Select Page

Former 77-year-old Vice President and Democrat nominee Joe Biden and his running mate Sen. Kamala Harris (D-Calif.) call demonstrators since the police chokehold murder of George Floyd May 25 peaceful demonstrators. Portland, Oregon has been the epicenter of the nation’s protest movement, staging demonstrations for nearly four months with no let up in sight. Last night, the unruly mob tore down statues of PresidentsTheodore Roosevelt and Abraham Licoln. Native Americans consider both following President Andrew Jackson’s May 28. 1830 Removal Act, authorizing the U.S. military to remove Native Americans off previously sovereign land, banishing Indian tribes of desolate parts of the Western frontier. Calling Columbus Day today, Oct. 12, “Indigenous Peoples Day of Rage,” to commemorate U.S. injustice against Native Americans, protesters tore down statues.
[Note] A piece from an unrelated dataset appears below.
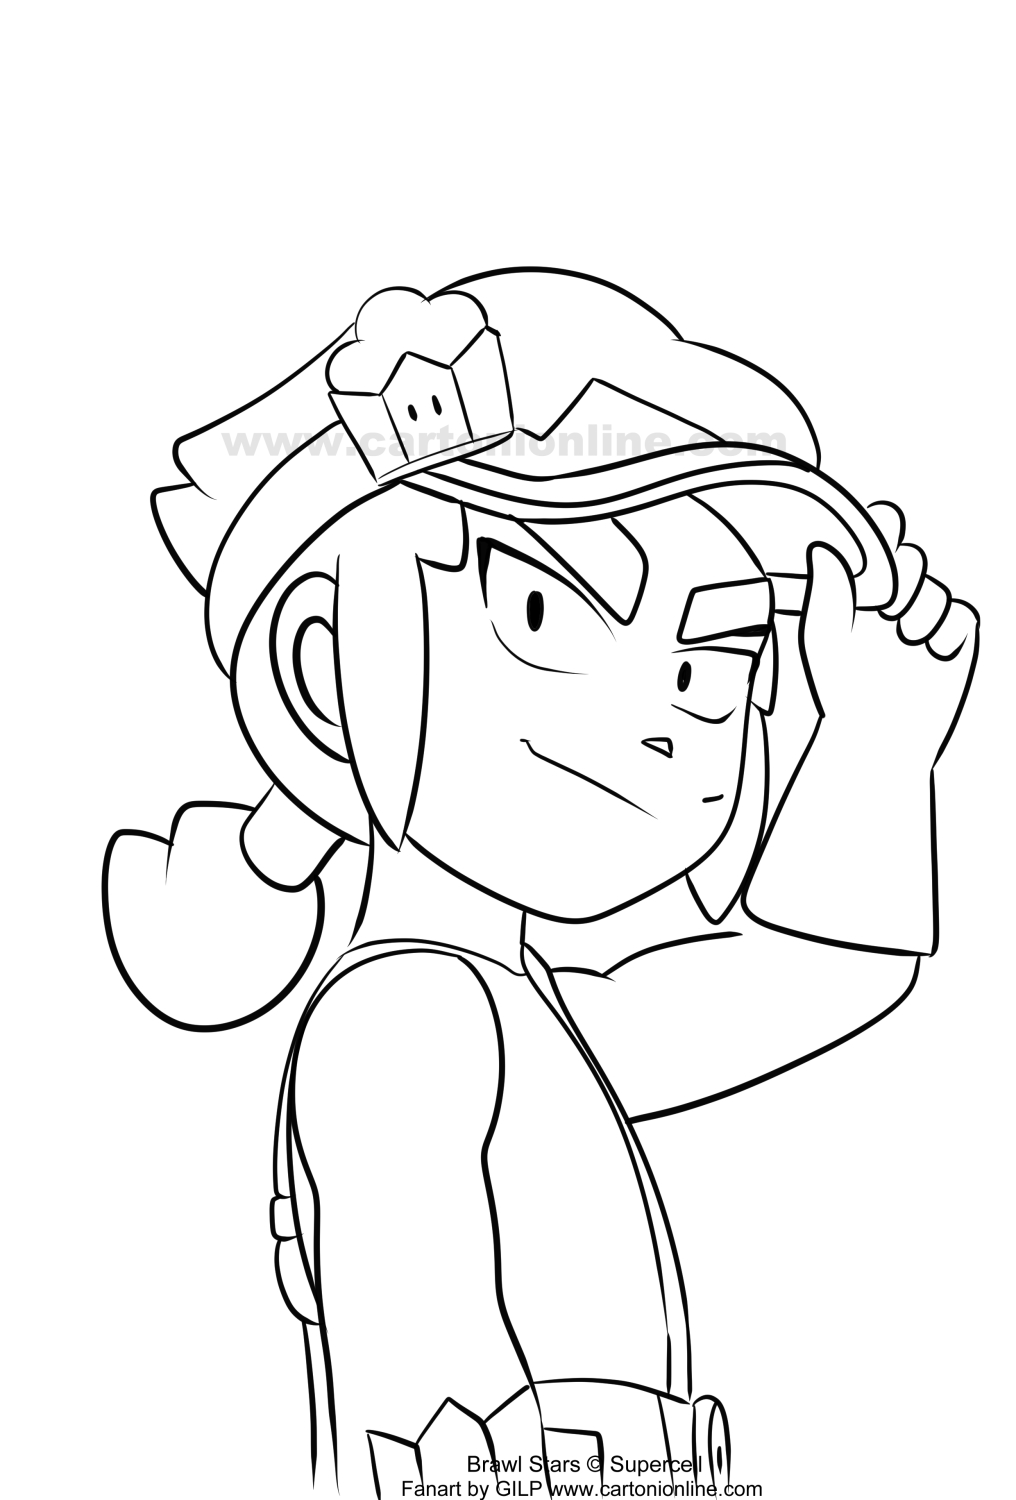 Fang 07 from Brawl Stars coloring page to print and coloring

Tearing down and spray painting the statues constitutes peaceful protests for Biden and Harris, as they continue to pander to lawbreakers claiming they’re justified in engaging in rioting, looting, vandalism, arson and anarchy, something that’s turned into endless street violence occurring in American towns and cities. Protesting Columbus Day, commemorating the explorer responsible for discovering the New World, protesters ripped down the statues claiming that Columbus and his Spanish Armada massacred Native Americans wherever explored North America. Throwing chains on the Theodore Roosevelt statue, dousing it with red paint and taking a blowtorch to what remained, “peaceful” protesters vandalize public property to make a point about treatment of Native Americans. What the public sees only three weeks before the Nov. 3 election is anarchy on American streets.

Portland’s 48-year-old Mayor Ted Wheeler, backed by 60-year-old Oregon Gov. Kate Brown, have told Portland police to stand down, letting violence spread on Portland streets. Protesters don’t want to debate U.S. history, they want to tear it apart, adopting news history texts like Howard Zinn’s 1980 “The Peoples History of the United States,” blaming the U.S. government for genocide against native peoples while they colonized the East Coast, then moved West to the New Frontier. Native American tribes have plenty of historic complaints against the White Man, who stole their land and destroyed their communities to build the frontier history of the U.S. Native Americans have come to blame Columbus for starting the ball against Native American tribes in the United States. Columbus of course never made it to what became the Continental United States, landing in Caribbean islands.

Columbus now has become symbolic for the White Man’s genocide against indigenous people, largely greeting settlers with hostility, especially for encroaching on historic Native lands. Whether Zinn’s history is true or not, the fact remains that Native Americans live in the United States with all the civil rights under the U.S. Constitution. When you consider Indian Reservations are considered sovereign territory, it’s interesting that Native Americans also claim U.S. Constitutional rights. With 6.79 million or 2.09% Native Americans living in the U.S. only 20% or 1,358,000 live on the 326 existing Indian reservations. While the federal government’s Bureau of Indian Affairs [BIA] extends sovereignty to the 326 reservations, they recognize Native Americans as U.S. citizens with all the right and privileges under the Constitution, Bill of Rights and all federal laws, statutes and regulations.

Tearing down and defacing public property is a crime in every state of the Union, including U.S. territories. Yet when local law enforcement stands down in Portland or other U.S. cities, it invites more street violence. Toppling or defacing statues, monuments or federal property is not legal anywhere in the U.S., yet so-called non-violent protesters have been getting away with it without consequences. Tearing down or defacing the statues in Portland, protester sprayed Dakoka 38 to remember the 38 Dakota Sioux Indians executed Dec. 26, 1862 by hanging for the deaths of 77 soldiers and up to 800 civilians killed along the Minnesota River. Native tribes hold Abraham Lincoln responsible for the 38 hung, though they don’t talk about Lincoln commuting the sentences on 266 other Native Americans. Native Americans have far more conflict with the U.S. government than African Americans.

Whatever happened 140 years ago, the right way to resolve disputes is under the U.S. Constitution not vigilante justice. African and Native Americans complain of unlawful White militia groups like the KKK, but they don’t see themselves as taking the law into their own hands. Contrary to Biden and Harris seeing protests as non-violent, there have been plenty of violent street protests leading to 74-year-old President Donald Trump’s call for law-and –order. Since George Floyd’s death May 25, groups like Black Lives Matter have called for de-funding U.S. police departments citing police brutality against blacks and other minority groups. When destroying federal property or U.S. statues and landmarks, anarchists have their reasons for lawless behavior but must ultimately face U.S. courts. When elected officials like Wheeler in Portland condone violence and anarchy, it hurts all civil society.